━━━ Exercise materials

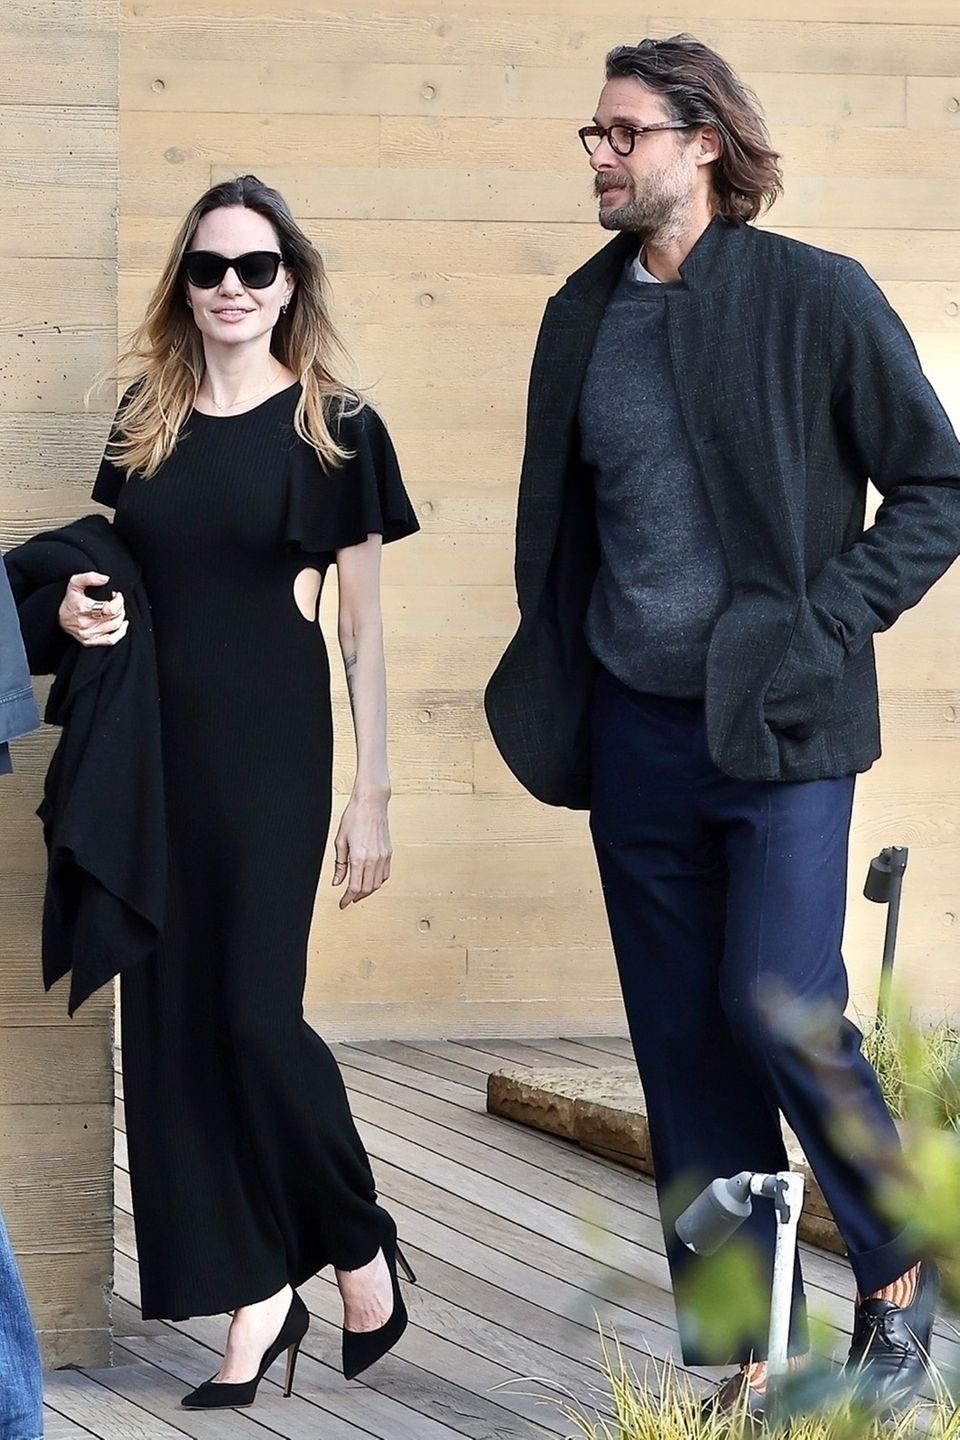 Angelina Jolie und David Mayer de Rothschild
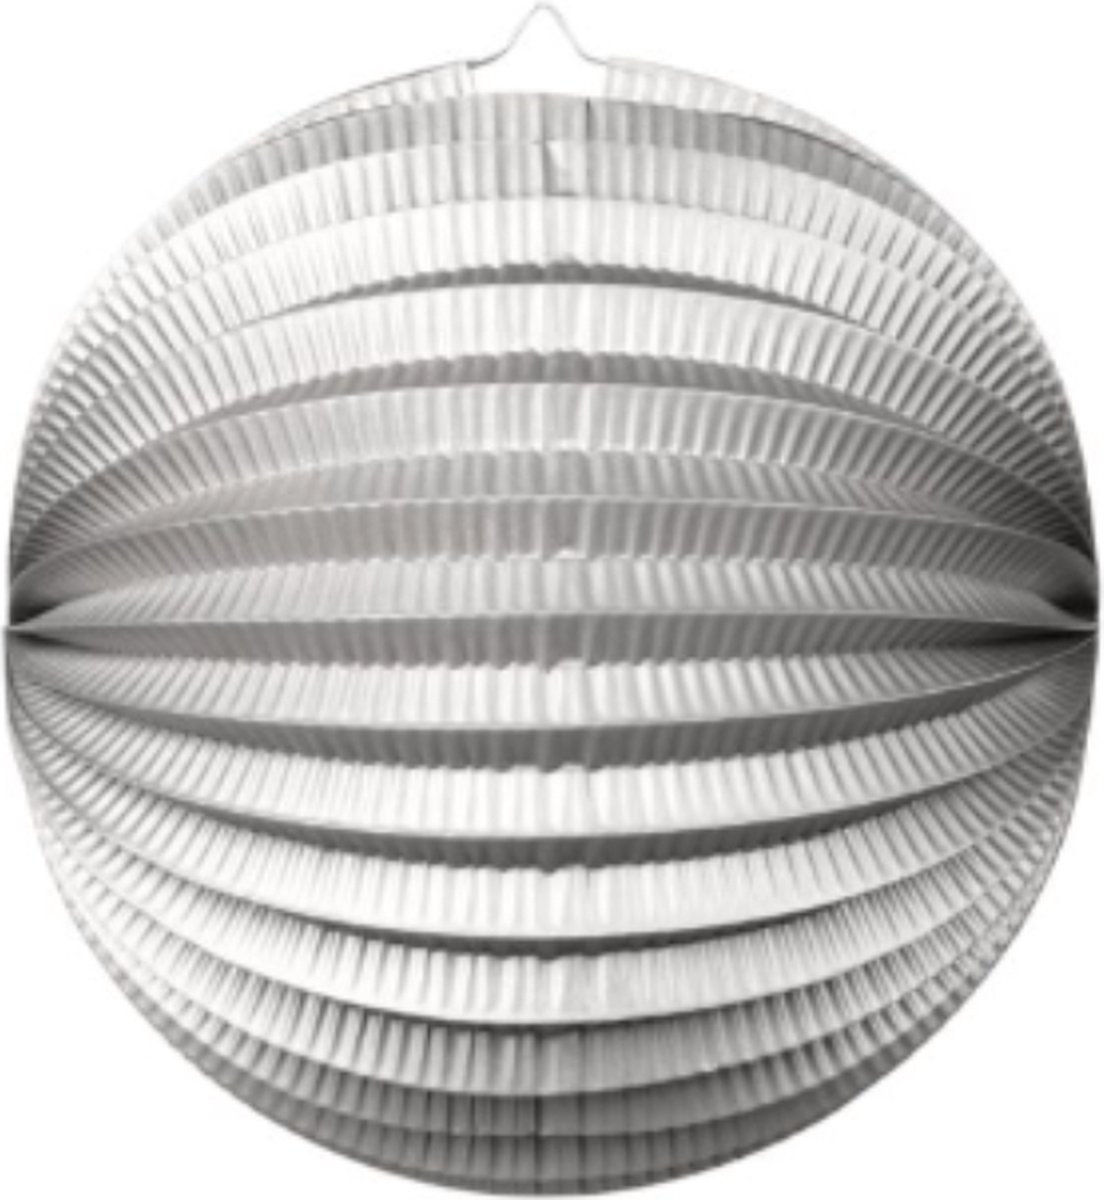 Wefiesta - Bollampion Metallic Zilver (25 cm) - Lampion sint maarten - lampionnen - Sint maarten optocht - lampionnen papier - We Fiesta
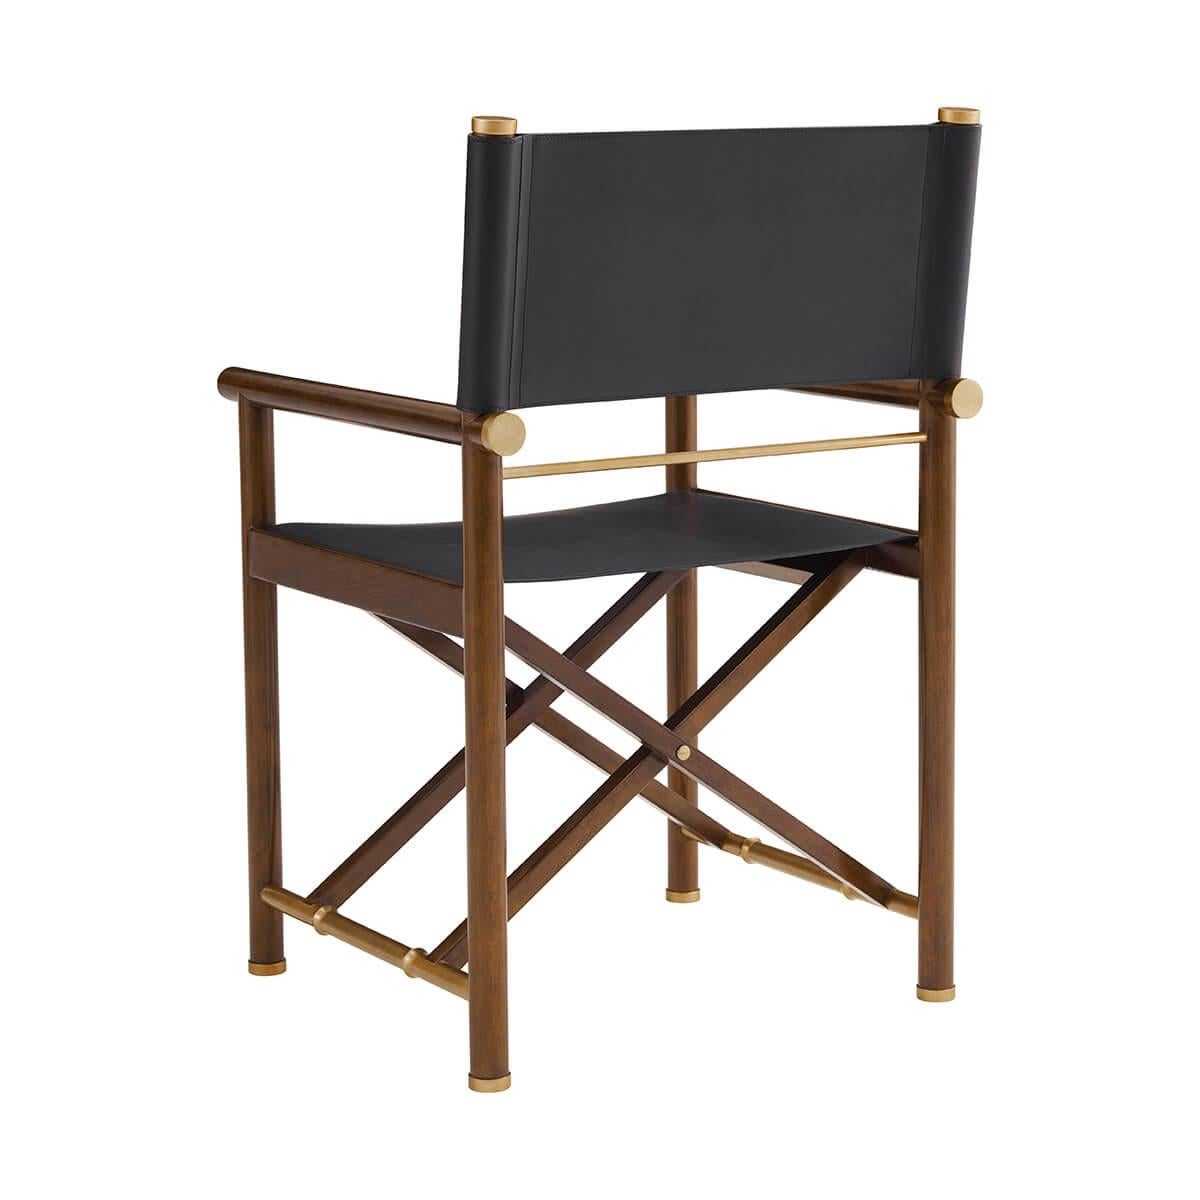 Cette chaise est dotée d'un dossier et d'une assise en cuir noir sophistiqués, associés à un cadre en hêtre riche en bois et à d'élégantes touches de laiton pour une touche de luxe.

Parfait pour ceux qui apprécient le style intemporel avec une
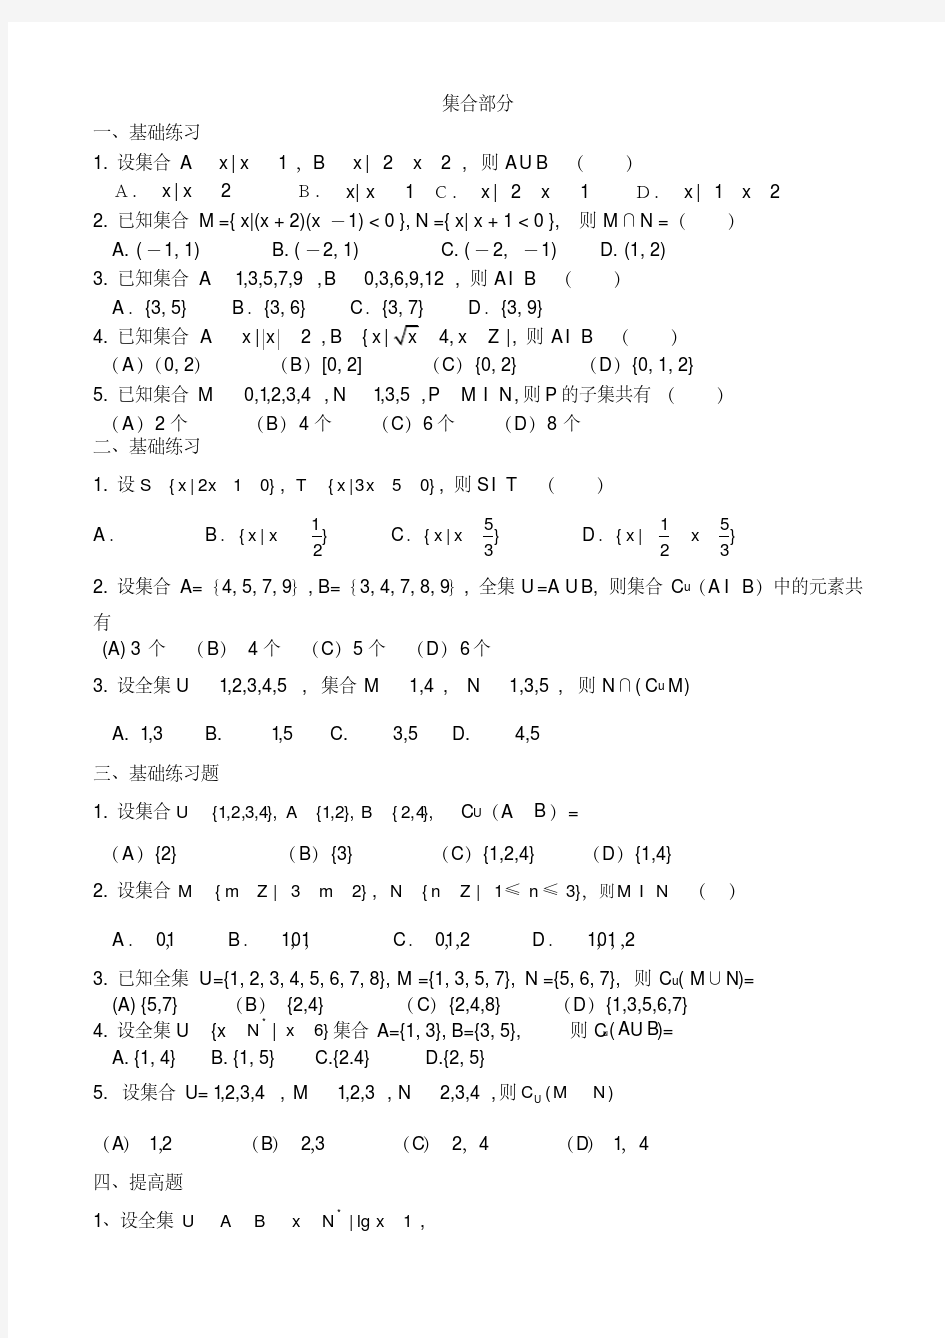 高考文科数学集合习题精选(20200618130349)

━━━━━━

Skip the pictures and output all entries exactly.

 Angelina Jolie und David Mayer de Rothschild
 Wefiesta - Bollampion Metallic Zilver (25 cm) - Lampion sint maarten - lampionnen - Sint maarten optocht - lampionnen papier - We Fiesta
 Cette chaise est dotée d'un dossier et d'une assise en cuir noir sophistiqués, associés à un cadre en hêtre riche en bois et à d'élégantes touches de laiton pour une touche de luxe.

Parfait pour ceux qui apprécient le style intemporel avec une
 高考文科数学集合习题精选(20200618130349)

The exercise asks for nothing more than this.